What this task involves:
Quote the entries in full, character for character, without their images.

Provided data:
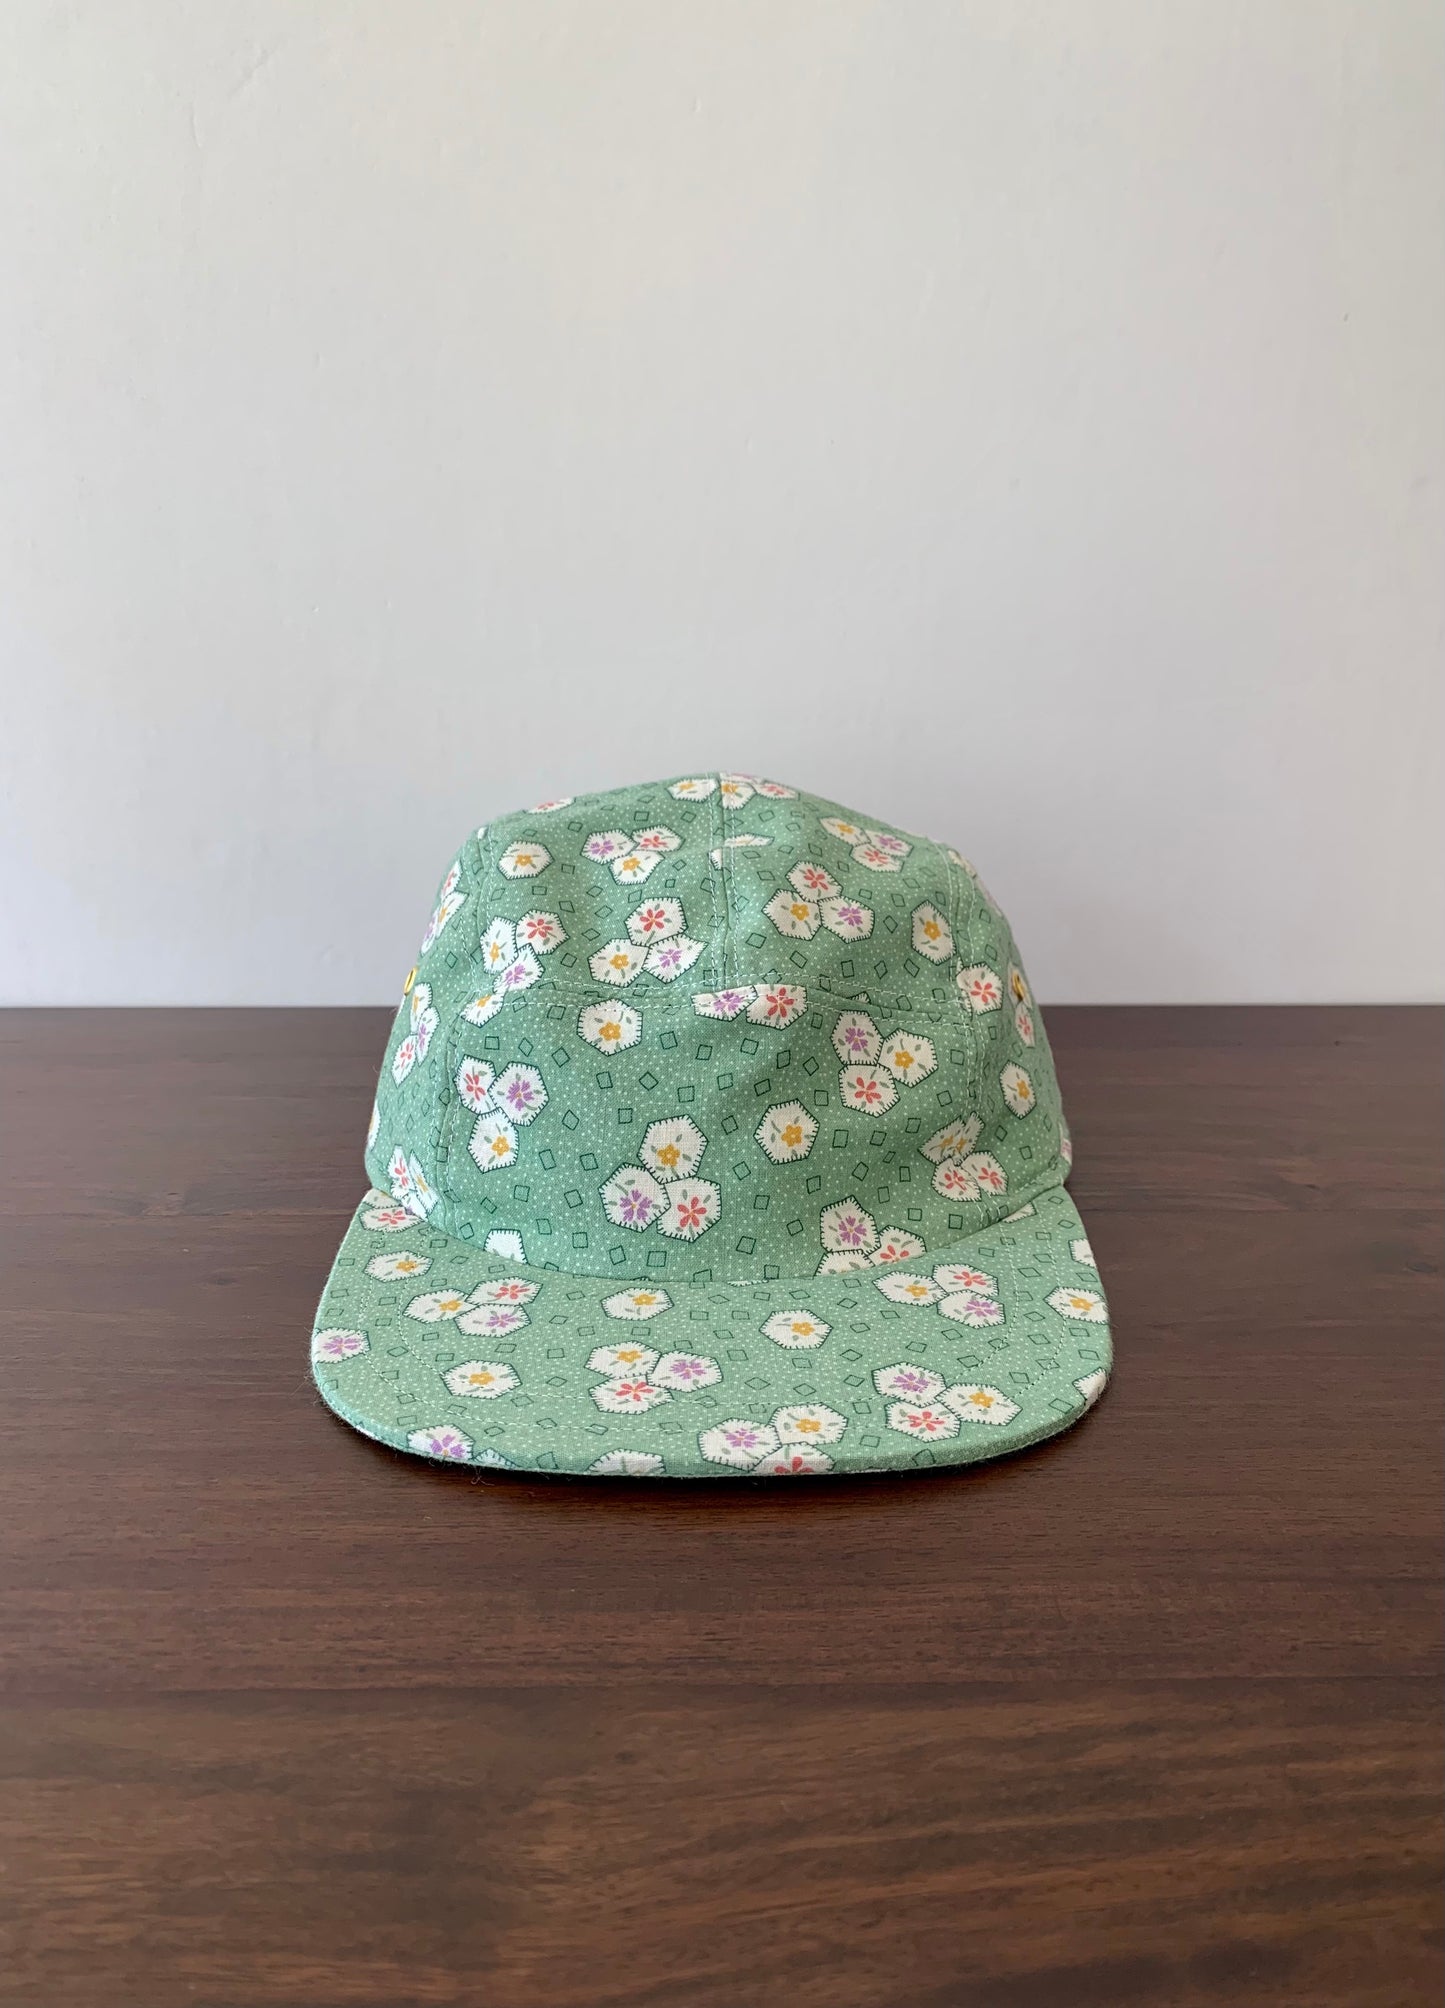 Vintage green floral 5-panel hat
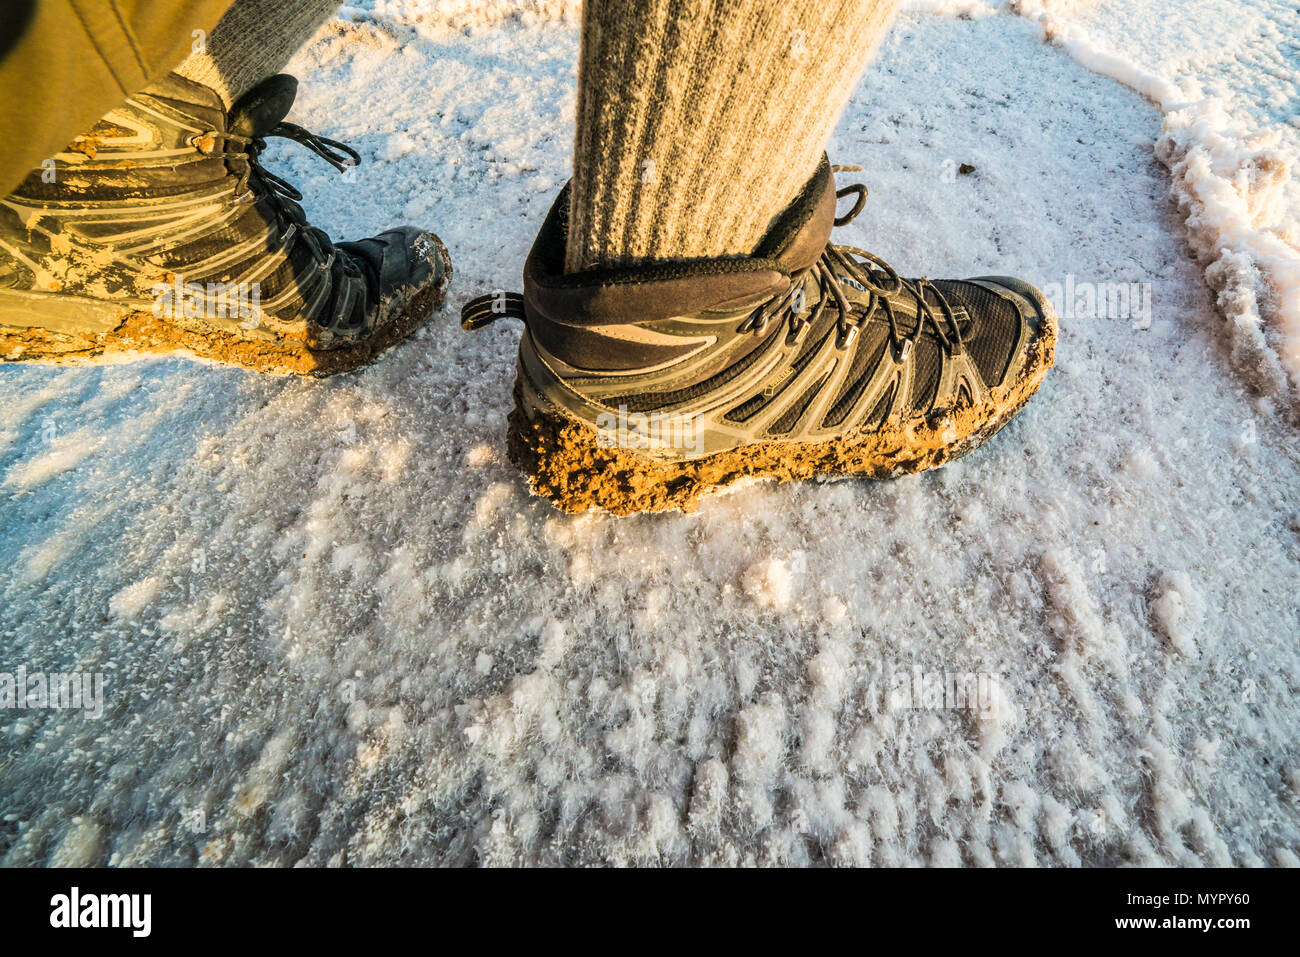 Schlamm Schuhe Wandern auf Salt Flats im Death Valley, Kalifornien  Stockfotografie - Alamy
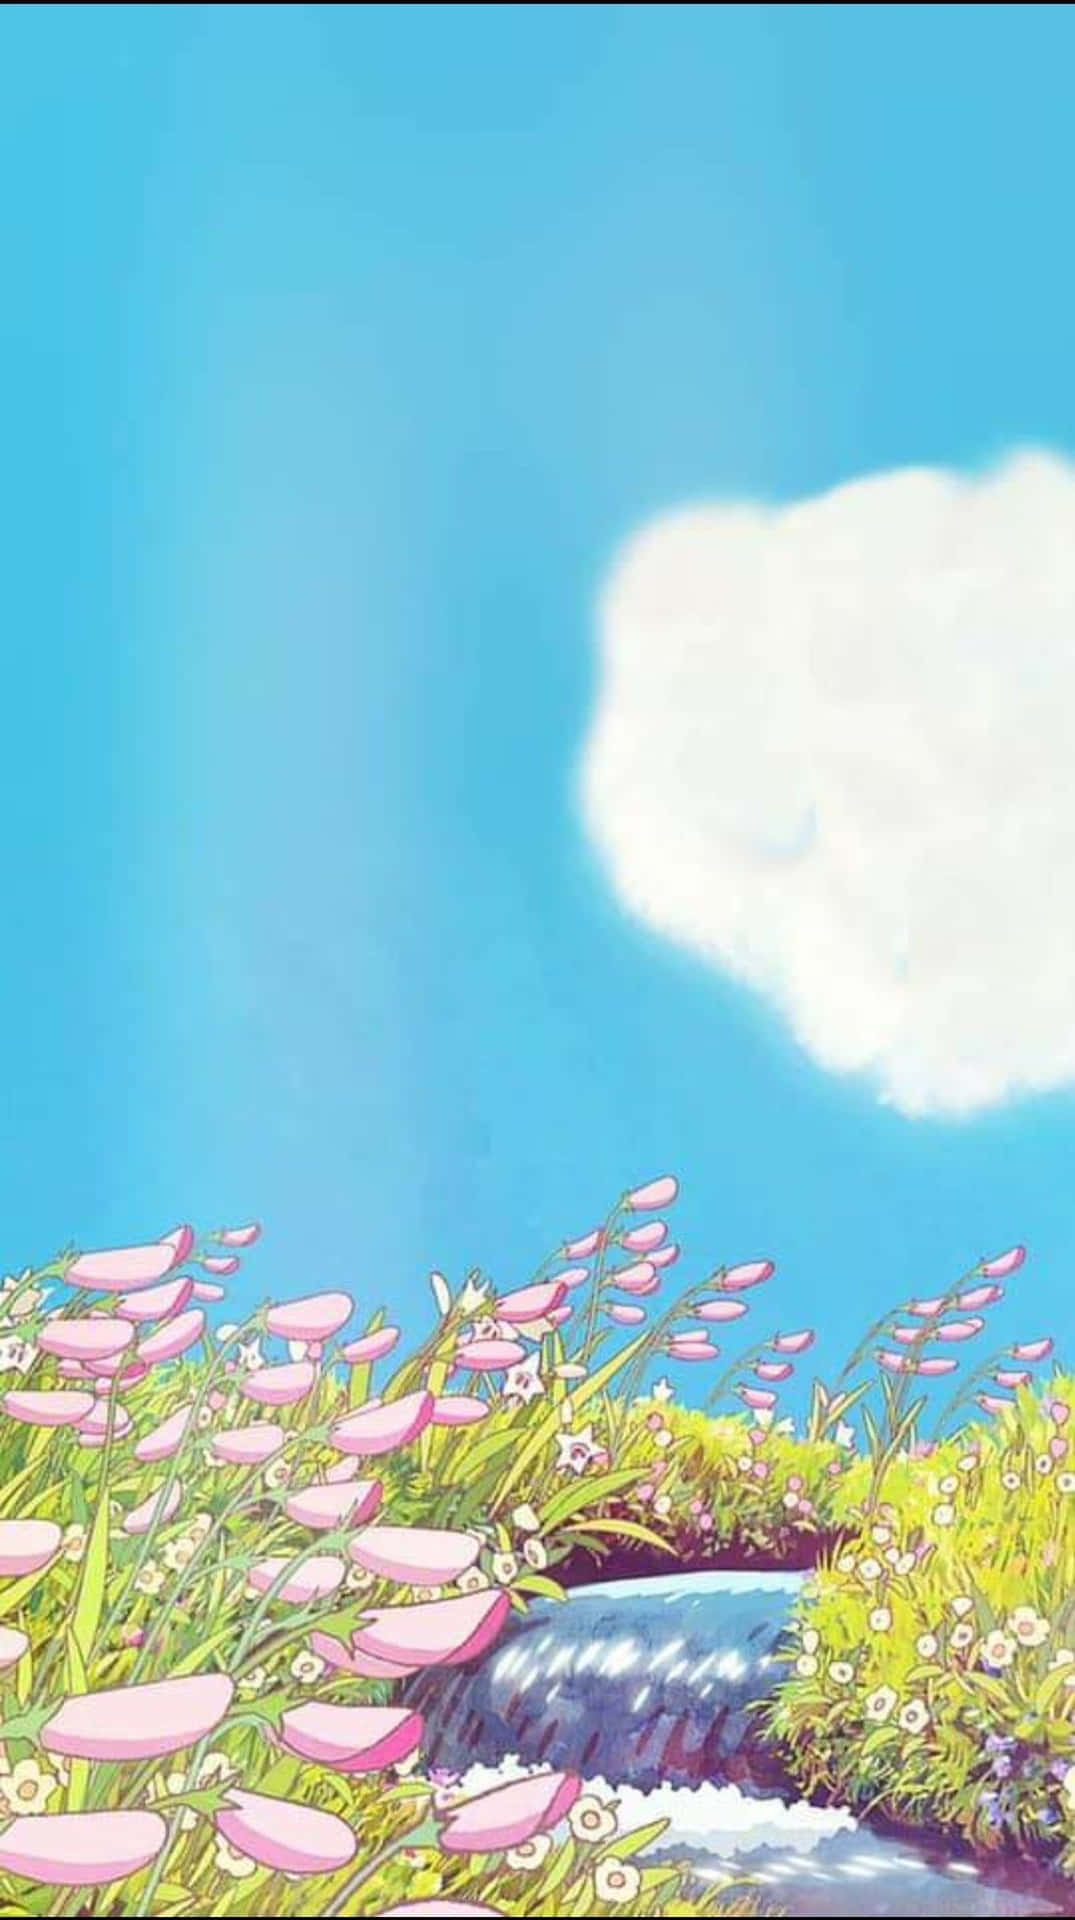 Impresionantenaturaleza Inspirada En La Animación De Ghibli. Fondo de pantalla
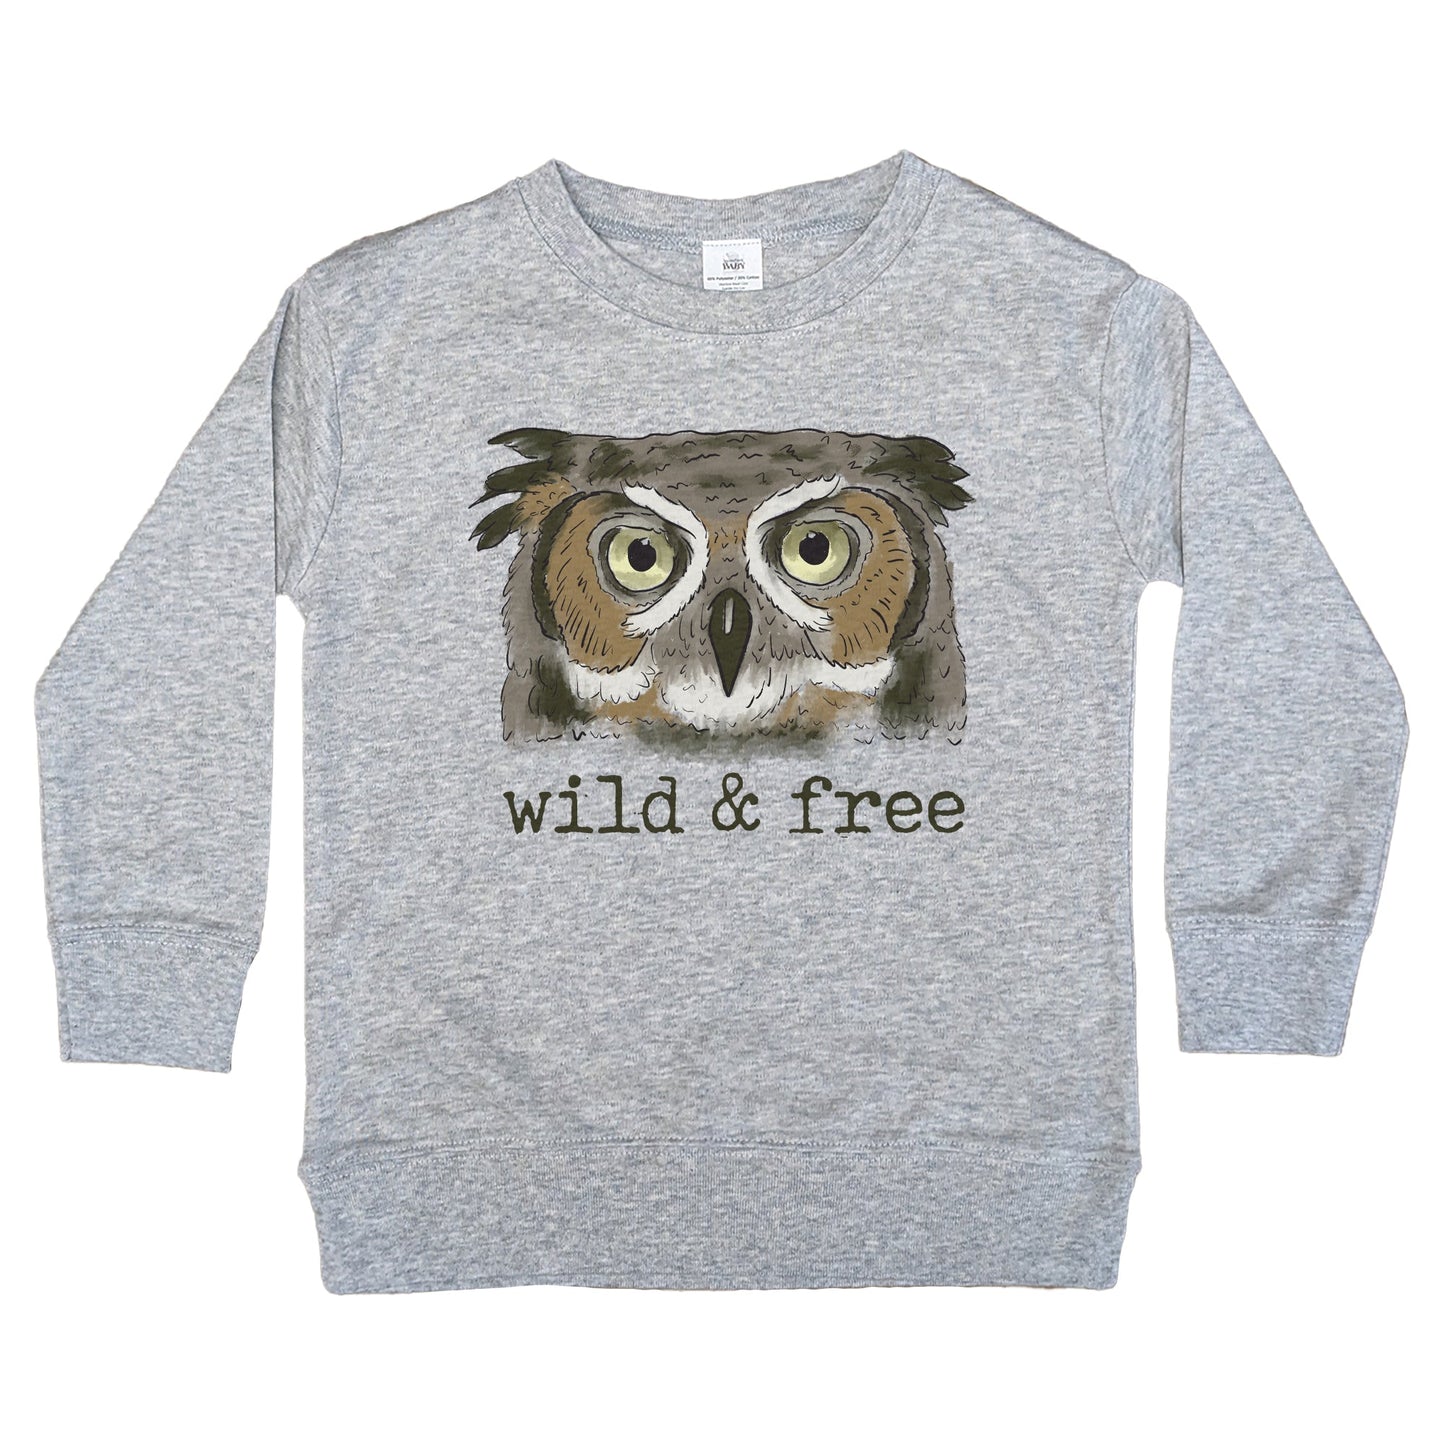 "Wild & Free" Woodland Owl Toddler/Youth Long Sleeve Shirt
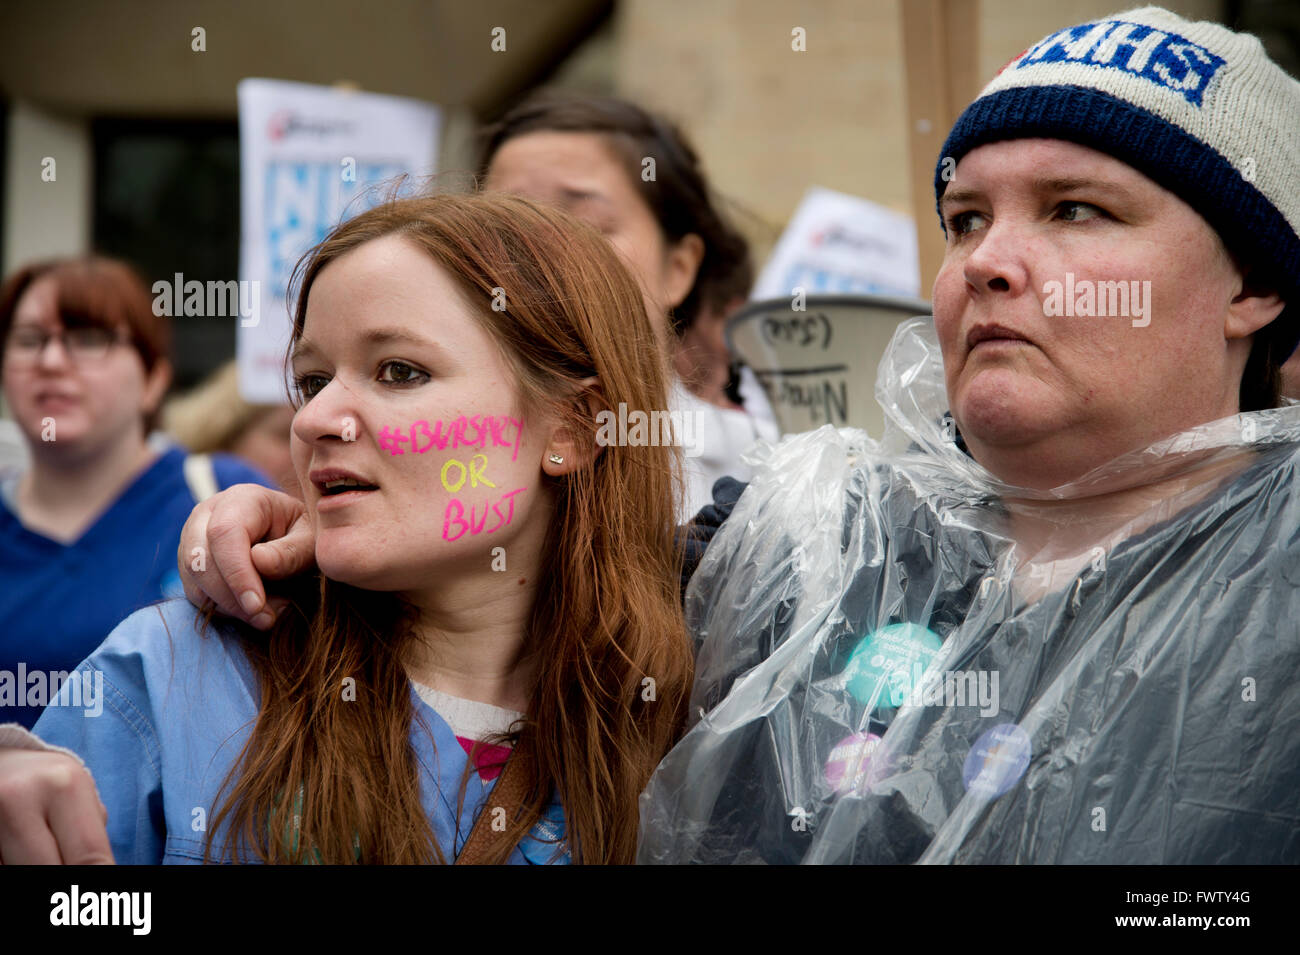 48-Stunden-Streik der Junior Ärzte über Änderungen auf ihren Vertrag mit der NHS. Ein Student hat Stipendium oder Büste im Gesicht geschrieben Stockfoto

Written solution:
 Vintage green floral 5-panel hat
 Schlamm Schuhe Wandern auf Salt Flats im Death Valley, Kalifornien  Stockfotografie - Alamy
 Impresionantenaturaleza Inspirada En La Animación De Ghibli. Fondo de pantalla
 "Wild & Free" Woodland Owl Toddler/Youth Long Sleeve Shirt
 48-Stunden-Streik der Junior Ärzte über Änderungen auf ihren Vertrag mit der NHS. Ein Student hat Stipendium oder Büste im Gesicht geschrieben Stockfoto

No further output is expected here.